According to recent research from IBM, 98% of companies are currently using two or more cloud environments. A multi-cloud environment is now clearly the norm at many organisations – and this trend has surely been reinforced by the pandemic. With people working remotely more often, using various clouds to run apps, retrieve documents and collaborate is more helpful than ever.
However, while having multiple clouds is the norm, it is much less common for firms to say they have a strategy for securing them. IBM found that only 41% of businesses have a coherent way of managing their different platforms – and that exposes them to some serious threats.
So, how risky is a multi-cloud environment and what can you do to secure your various private, public and hybrid clouds?
Risks of multi-cloud environments
Multi-cloud environments give businesses a huge amount of flexibility, allowing them to use the best tools for the job and putting them in a stronger bargaining position to negotiate deals with vendors. But an un-secured multi-cloud environment also comes with several significant risks:
- A larger attack surface – With more apps and services to log into, and more data travelling between locations, using a multi-cloud environment gives attackers more opportunities to breach your security. Research shows that organisations using multiple clouds are twice as likely to experience security incidents than those using a single platform.
- Misconfigurations – If you are using multiple platforms, there is also a higher chance that security settings may be misconfigured. This can lead to data leakage or provide a back door to your environment.
- Inadequate skills and Knowledge – Developing the skills and knowledge to manage one cloud-based platform requires a significant learning curve from IT teams. Add several more cloud platforms from different providers into the mix, and they can soon get overwhelmed.
- Insequre APIs – This is particularly a risk when connecting to private clouds or cloud-based apps from less established vendors. Insecure APIs could put you at real risk of leaving a back door open into your environment.
- Login Fatique – If end users must remember multiple usernames and passwords for several different cloud-based apps, security fatigue is likely to kick in. This makes it more likely people will follow risky behaviours – such as using the same password for multiple systems.
Simple steps to secure a multi-cloud environment
While a multi-cloud strategy does pose several significant risks, it is absolutely possible to manage different cloud environments securely and efficiently. Multi-cloud environments are inherently more complex to manage securely, it is still perfectly possible to protect your environment while benefiting from the flexibility and agility that multi-cloud brings.
- Take a strategic approach to security – When your end-users and even customers are using multiple cloud-based apps and services, it’s vital to take a strategic approach to security. Ideally, you would have a security strategy, planned right from the beginning of your multi-cloud journey, but even if you already have accounts with several different providers, it is possible to retrospectively take a strategic approach. Fundamentally you need a consistent plan which outlines the level of acceptable risk, defines how you will monitor security across your environments, and details a common approach to configurations. By thinking about multi-cloud security from the beginning, you minimise many of the associated risks.
- Get visibility across your multi-cloud environment – Most cloud vendors provide their own inbuilt security, but it’s hardly efficient to manage all of these environments individually. It’s therefore ideal to get a ‘single pane of glass’ view of the settings, configurations and events happening in all your environments. It is technically possible to get this visibility on your own – you’d need to call security data from each of your clouds via APIs, then draw it into a spreadsheet. That said, most companies with several cloud environments tend to invest in a multi-cloud management platform which makes this process much easier.

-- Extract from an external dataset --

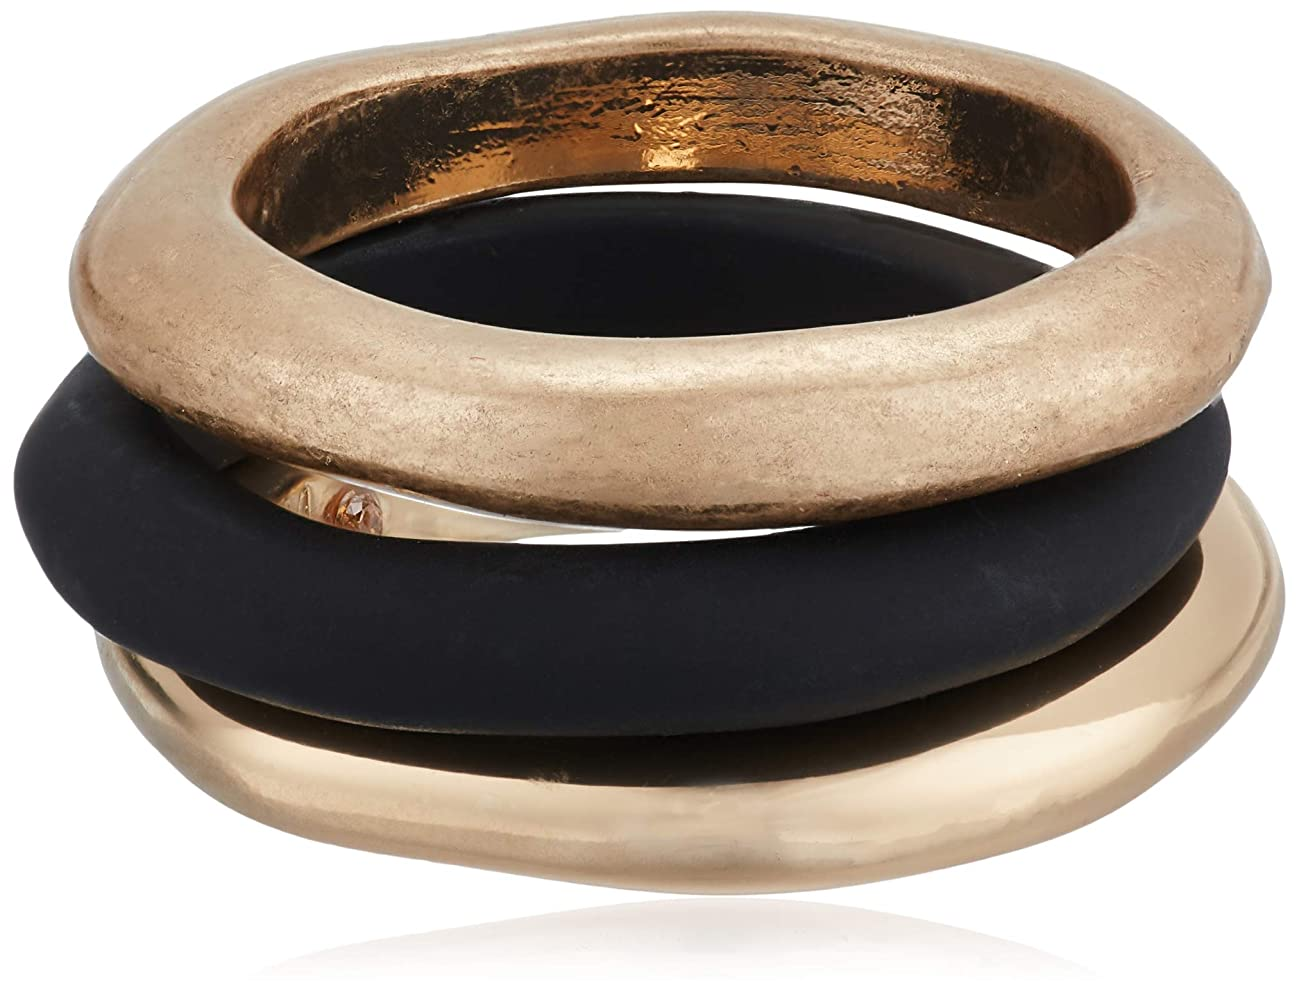 Robert Lee Morris Soho Women's Black Patina & Gold Sculptural Stackable Ring Set Size 8.5, One Size

- Configure cloud environments consistently – As noted above, one of the major causes of data breaches in multi-cloud environments is misconfigurations. It is really helpful to use a centralised security management tool that can apply the same security settings across all your cloud-based platforms – including configurations for things like single sign-on, permissions, and data encryption.
- Reqularly monitor your clouds – Performing regular security checks across your cloud environments will help you identify any suspicious activity and remediate it soon as possible. Again, this can be done manually, but it is generally preferable to invest in an automated solution which can do this for you.
- Keep up to date – If you are using several cloud-based applications, it is vital to ensure all these environments are up to date and have the latest security patches installed. Regularly check the admin dashboard in all your cloud environments to monitor for any updates and apply them.